Buttercream Preparation
  1. While the cakes cool, prepare the buttercream by creaming together the softened unsalted butter and sifted icing sugar until the mixture is pale and fluffy. Add the smooth pistachio cream, salt, and lemon juice, and mix until well combined. Adjust lemon juice to taste.
Assembly
  1. Once the cakes are completely cooled, place one layer on a serving plate. Using a piping bag, evenly spread half of the buttercream on top. Spread the raspberry jam in a thin layer over the buttercream, taking care not to let it overflow.
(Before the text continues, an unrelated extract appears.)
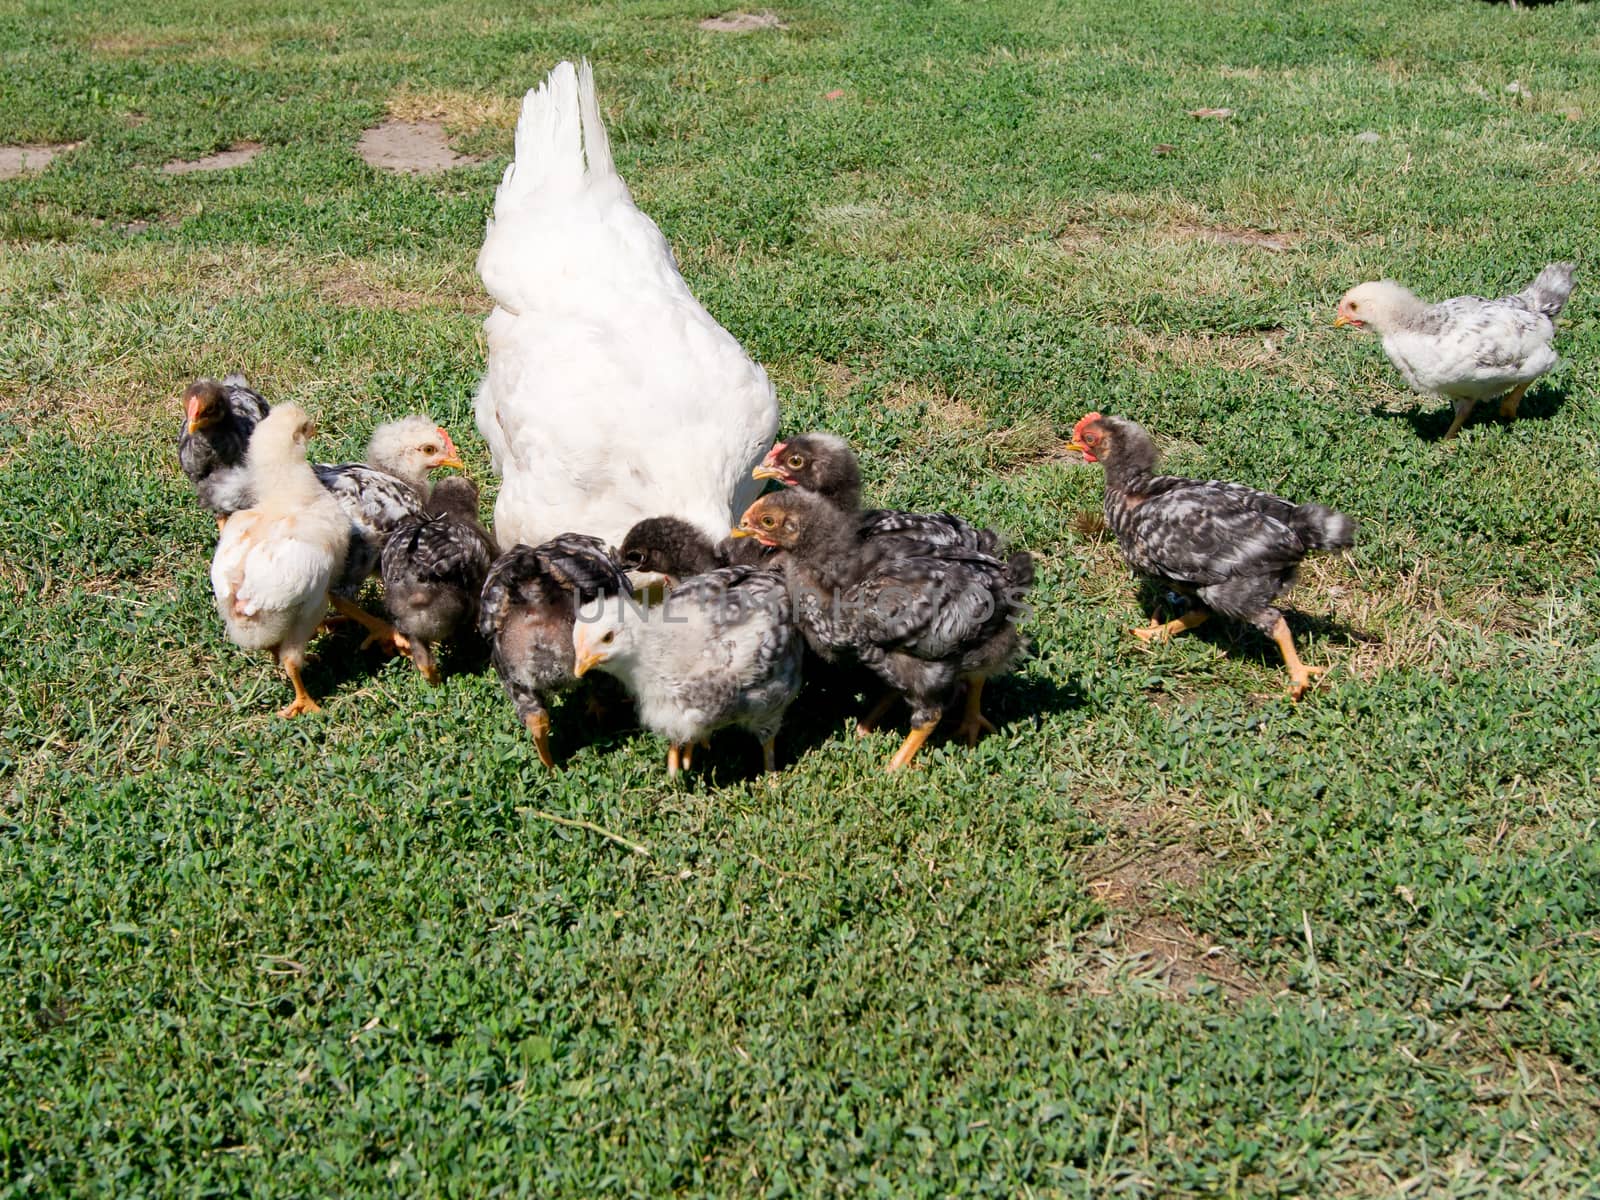 The brooding leads the chicks in the yard.

  2. Place the second cake layer on top and generously frost the top with the remaining buttercream. Garnish with fresh raspberries, chopped pistachios, and sprigs of fresh mint for a beautiful finish.

Notes

Store leftover cake in an airtight container in the refrigerator for up to five days. To freeze, wrap individual slices tightly and store in a freezer-safe bag for up to three months. Thaw in the refrigerator before enjoying. For variations, swap raspberries for cherries or strawberries.